To see Friend's authentication working right away, we can simply wrap some of our Compojure functions in the authentication and authorization filters which Friend provides. The example below does nothing other than prevent an unauthenticated user from accessing a page with a simple authorization applied to it:
(defroutes app-routes
(GET "/" [] "Hello World")
(GET "/authorized" request
(friend/authorize #{::user} "This page can only be seen by authenticated users."))
(GET "/login" [] "Here is our login page.")
(route/not-found "Not Found"))
(def app
(handler/site
(friend/authenticate app-routes {})))
This doesn't really do much, but shows you how to set up an app so Friend will intercept your routes and lock authorized routes down right out of the box: if you go to the path /authorized
, you'll see you get redirected immediately to /login
.
Notice that our routes are not structured any differently than what the default Compojure scaffolding provides, we simply intercept the routes with Friend's authenticate
function before they are passed to Compojure's handler/site
. And in order to trigger the authentication/authorization functionality in Friend in our routes, we wrap our response with Friend's authorize
function, passing in the role which is authorized to access this route as the first argument (roles will be explained in more detail later on).
By default, Friend will hand back a redirect to /login
when an unauthenticated user hits an authorized path (you can configure this in the second argument to authenticate, what is now an empty map, if you so desire--this is described in the README in detail). However, right now we don't have any way to login, so we'll resolve that by setting up a workflow.
Friend uses the concept of the workflow as a way to describe the method by which a user logs in. This can encompass basic HTTP auth, a simple HTML login form, OpenID (the previous three workflows are provided in Friend as default workflows you can use), as well as Oauth1/Oauth2, Persona, or any other protocol.
This means that if the login method you want to use doesn't exist, you can use Friend to provide higher-level authentication and authorization abstractions, and concern yourself only with implementing the workflow for authentication with that login method. It also simplifies decoupling your authorization scheme from your authentication, so that the same authorization scheme can work with multiple authentication workflows transparently.
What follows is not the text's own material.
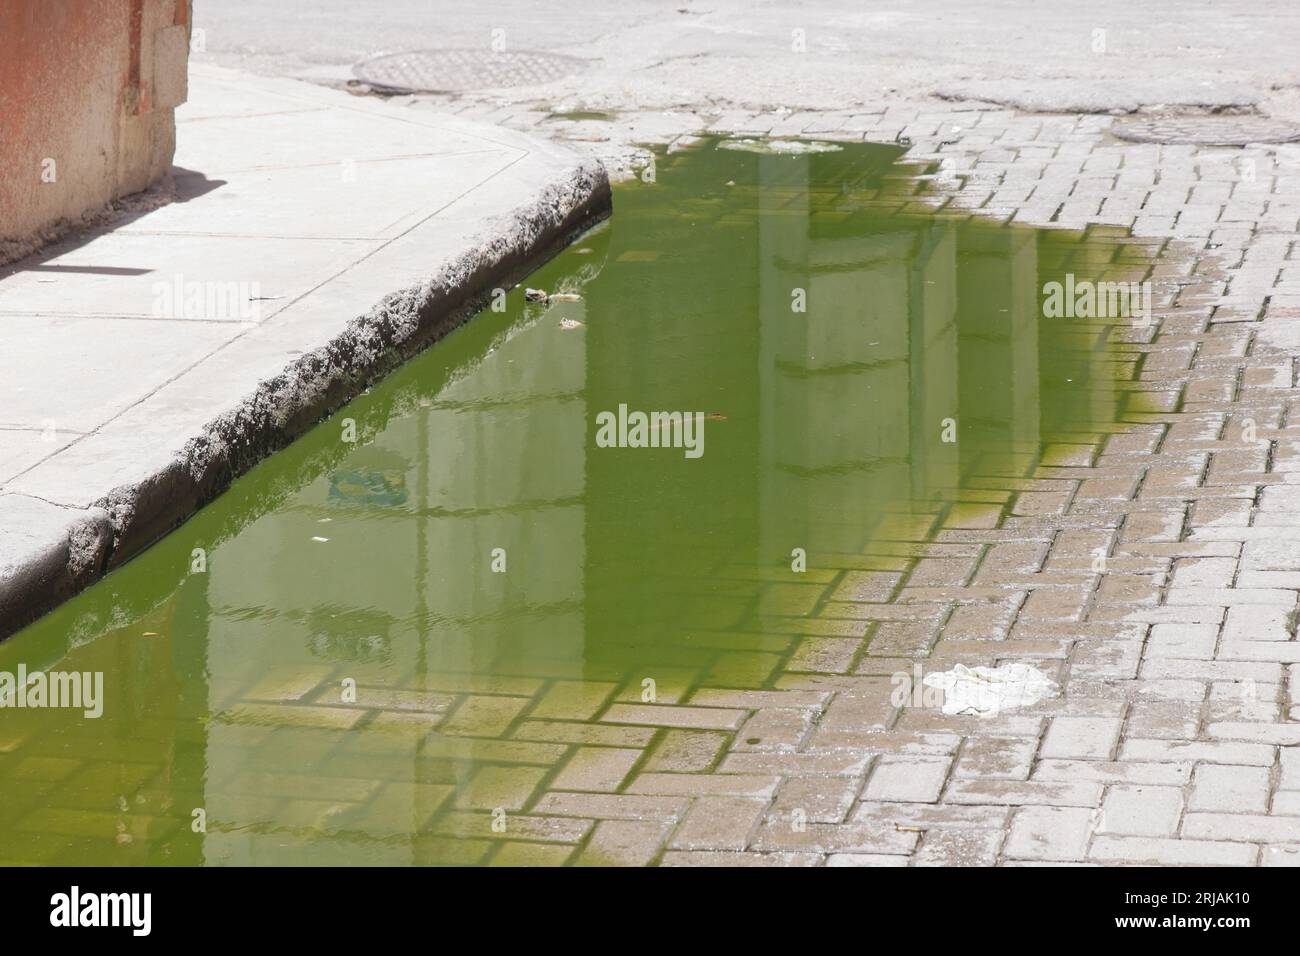 La Havane, Cuba, eau sale stagnante dans une rue pavée. Flaques d'eau non hygiéniques dues à des fuites d'eaux usées. Banque D'Images

So we can actually login to this app, we'll set up the interactive-form workflow which comes with Friend. Let's add that to the map we pass to the authenticate
function, which was empty in the example above:
(def app
(handler/site
(friend/authenticate app-routes
{:credential-fn (partial creds/bcrypt-credential-fn users)
:workflows [(workflows/interactive-form)]})))
This includes a bit more than I've explained up until this point: what is the credential-fn
key, and what is the bcrypt-credential-fn
function doing in there? What is users
supposed to be?
Friend lets you pass in a function defining how you want to process a user's credentials during the authentication workflow: this is what credential-fn
is doing. As it says in the Friend README: Workflows use a credential function to verify the credentials provided to them via requests. Credential functions can be specified either as a :credential-fn option to cemerick.friend/authenticate, or often as an (overriding) :credential-fn option to individual workflow functions.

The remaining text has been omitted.